Ballistic performance
| Bullet mass/type | Velocity | Energy |
| 128 gr (8 g) FMJ | 2,480 ft/s (760 m/s) | 1,762 ft⋅lbf (2,389 J) |  |

= 7.35×51mm Carcano =

Italian rifle cartridge

The 7.35×51mm Carcano is a rifle cartridge used by the Italian military during World War II.

It was designed during the 1930s to replace the 6.5×52mm Carcano used by the Italian military. Unlike the 6.5 mm, the 7.35 mm cartridge featured a Spitzer-style bullet to minimize air resistance in flight, however due logistical concerns during World War II, it never managed to replace the 6.5 mm round, which remained standard until 1945.

==Background==

In 1891, the Royal Italian Army chose a 6.5 mm caliber cartridge using a round-nosed bullet of modest power, which was quite typical of the era. While most nations adopted spitzer bullets by 1908, Italy continued using round-nosed bullets, which quickly lost velocity and stopping power, decreasing effective range in comparison to spitzer bullets.

Following complaints during the Second Italo-Abyssinian War about the lack of stopping power and poor ballistics of the 6.5 mm round in rifles and machine guns, the Italians decided to adopt a larger bullet while keeping costs minimum as possible. Experiments were conducted at the Terni Arms Factory under the supervision of Colonel Giuseppe Mainardi with the cooperation of Bombrini-Parodi-Delfino and Società Metallurgica Italiana resulting in a satisfactory 7.35 mm bullet that could be loaded in a slightly modified 6.5×52mm Carcano cartridge case, with the first rifles chambered for the new cartridge being issued in 1938.

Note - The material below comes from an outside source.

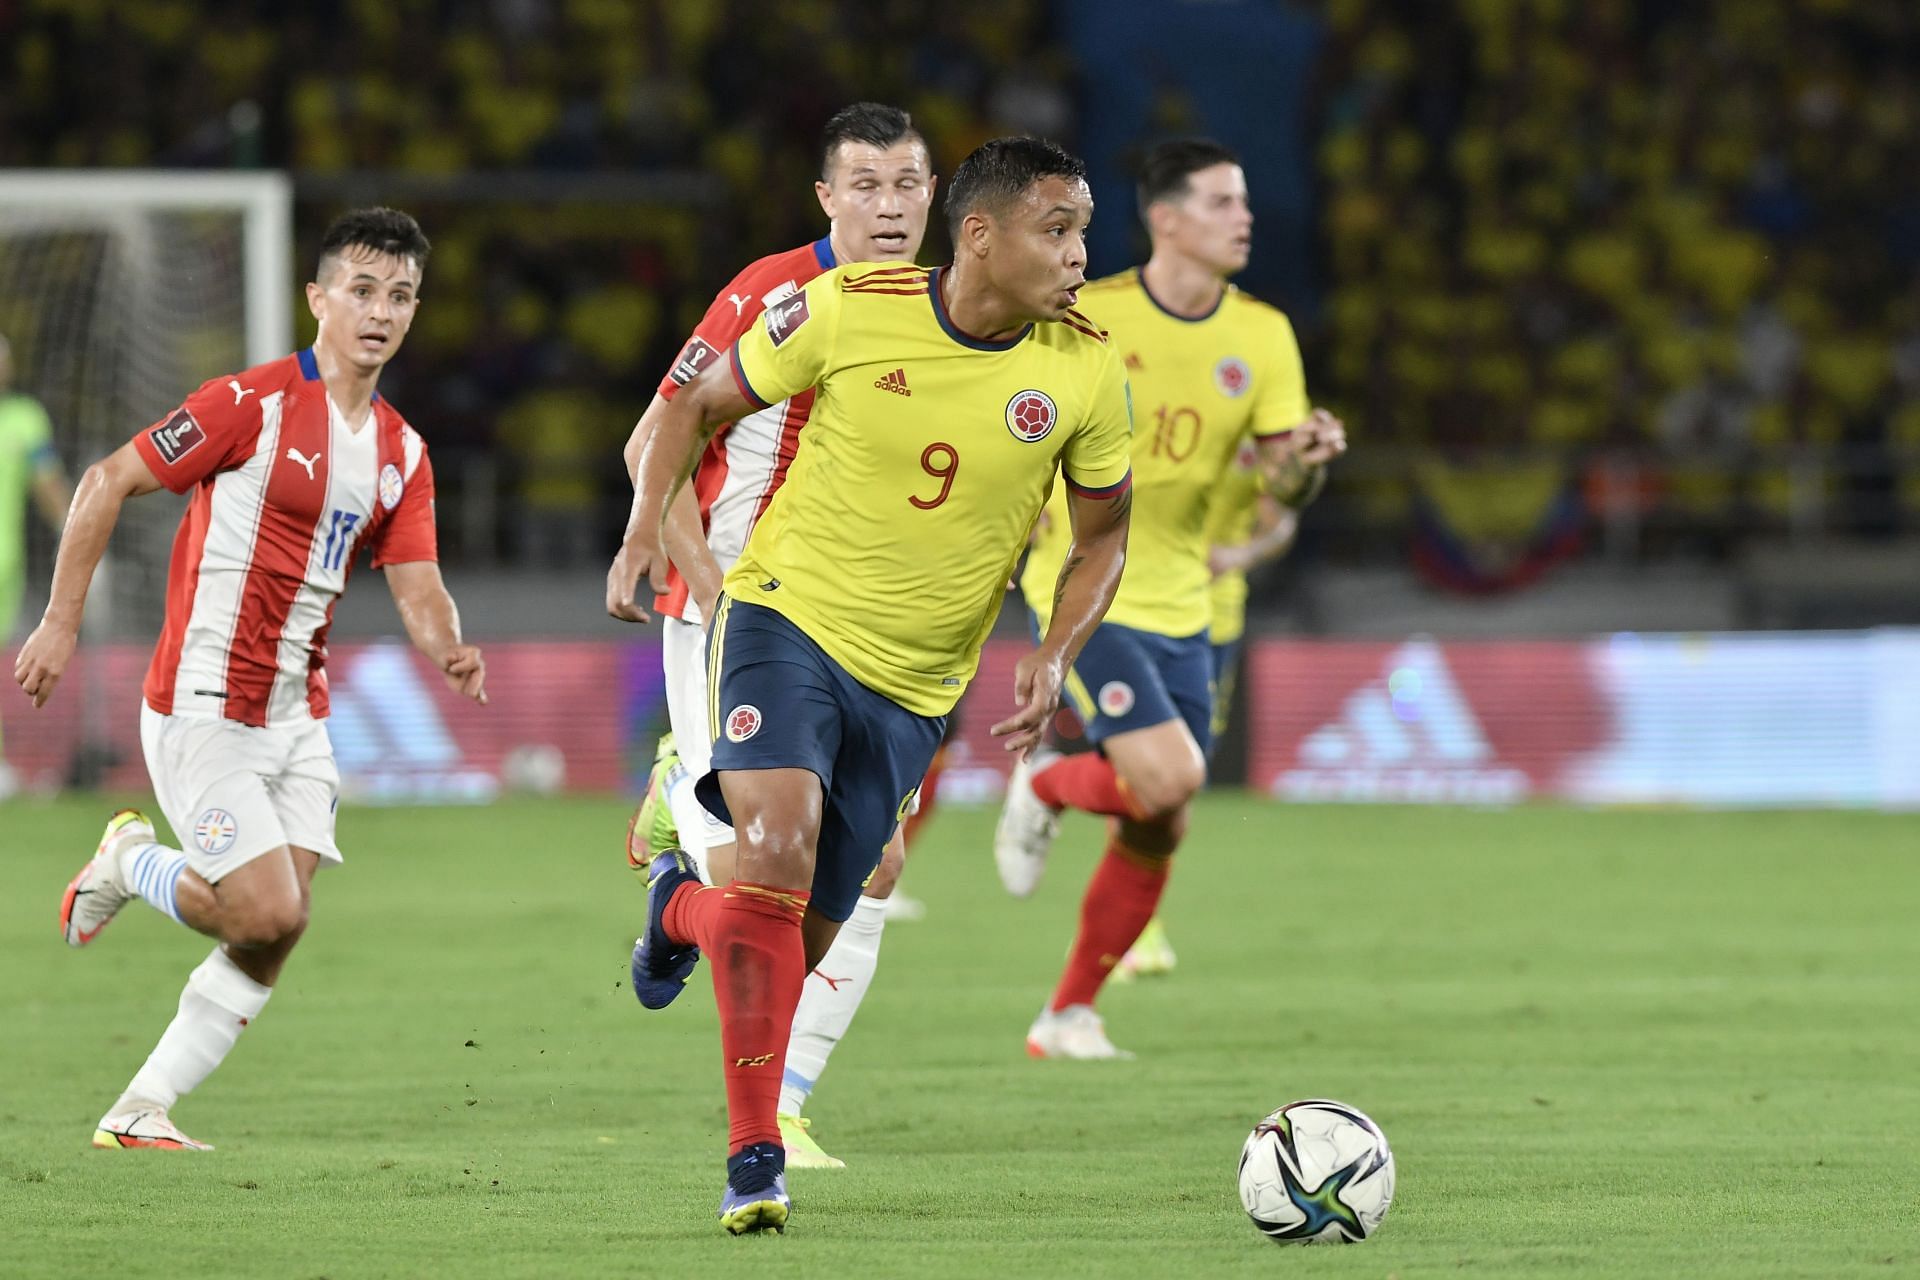 Colombia and Honduras meet in a friendly fixture on Sunday
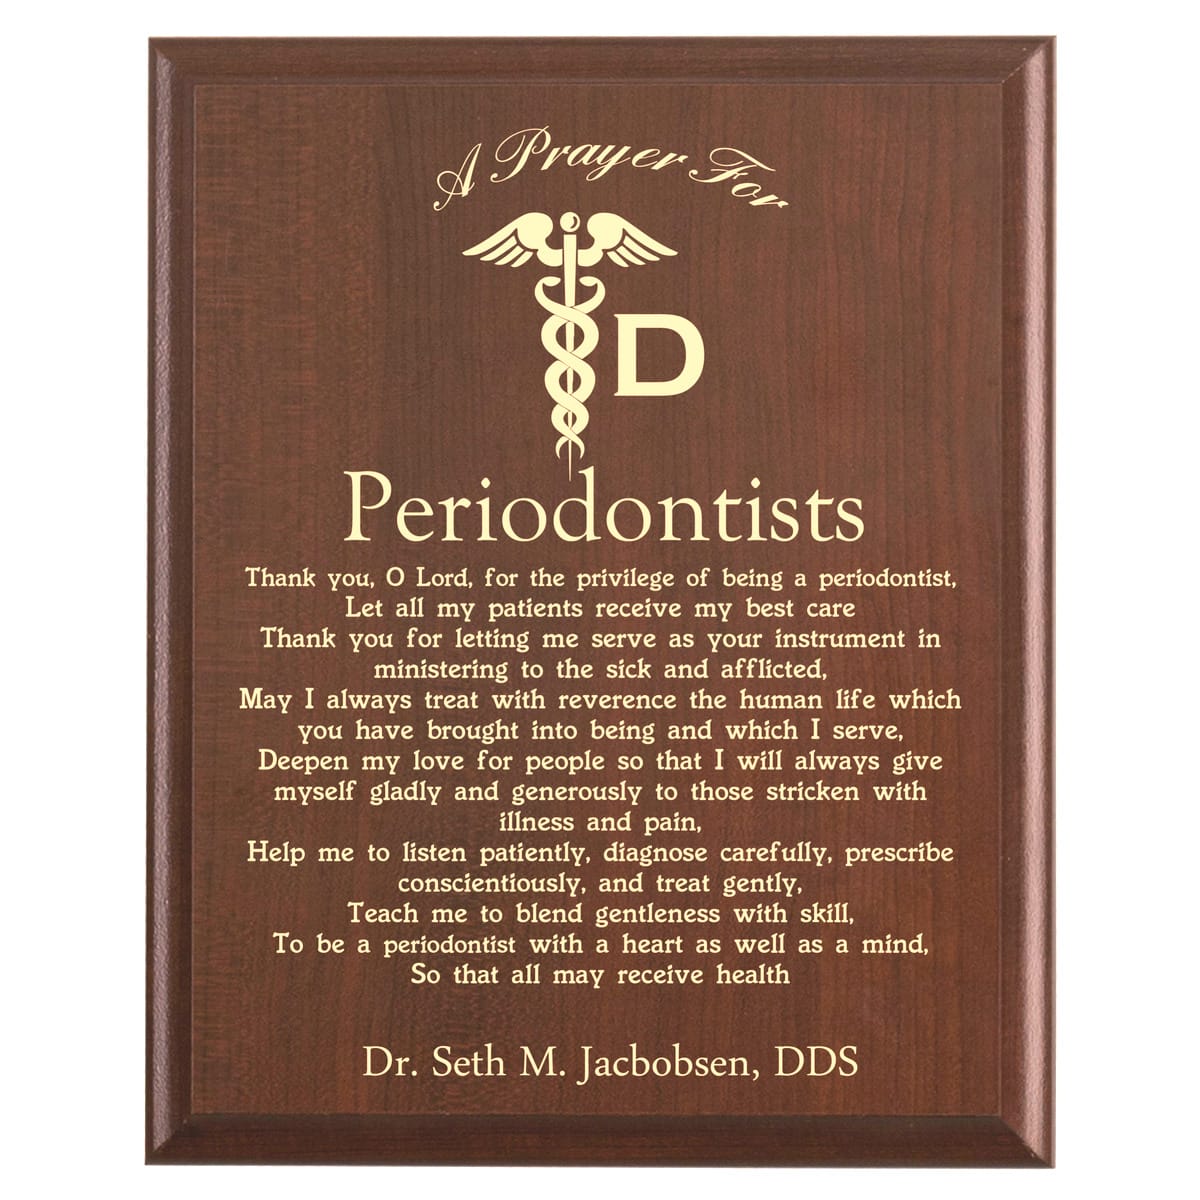 Plaque photo: Periodontist Prayer Plaque design with free personalization. Wood style finish with customized text.

==Description and operational history==

The 7.35×51mm Carcano cartridge uses a rimless, bottle-necked brass case and a Berdan primer, with a full metal jacketed lead alloy core 128 gr bullet. The bullet also used a spitzer design with an aluminum tip, which was intended to make the bullet tumble after hitting the target, causing more damage.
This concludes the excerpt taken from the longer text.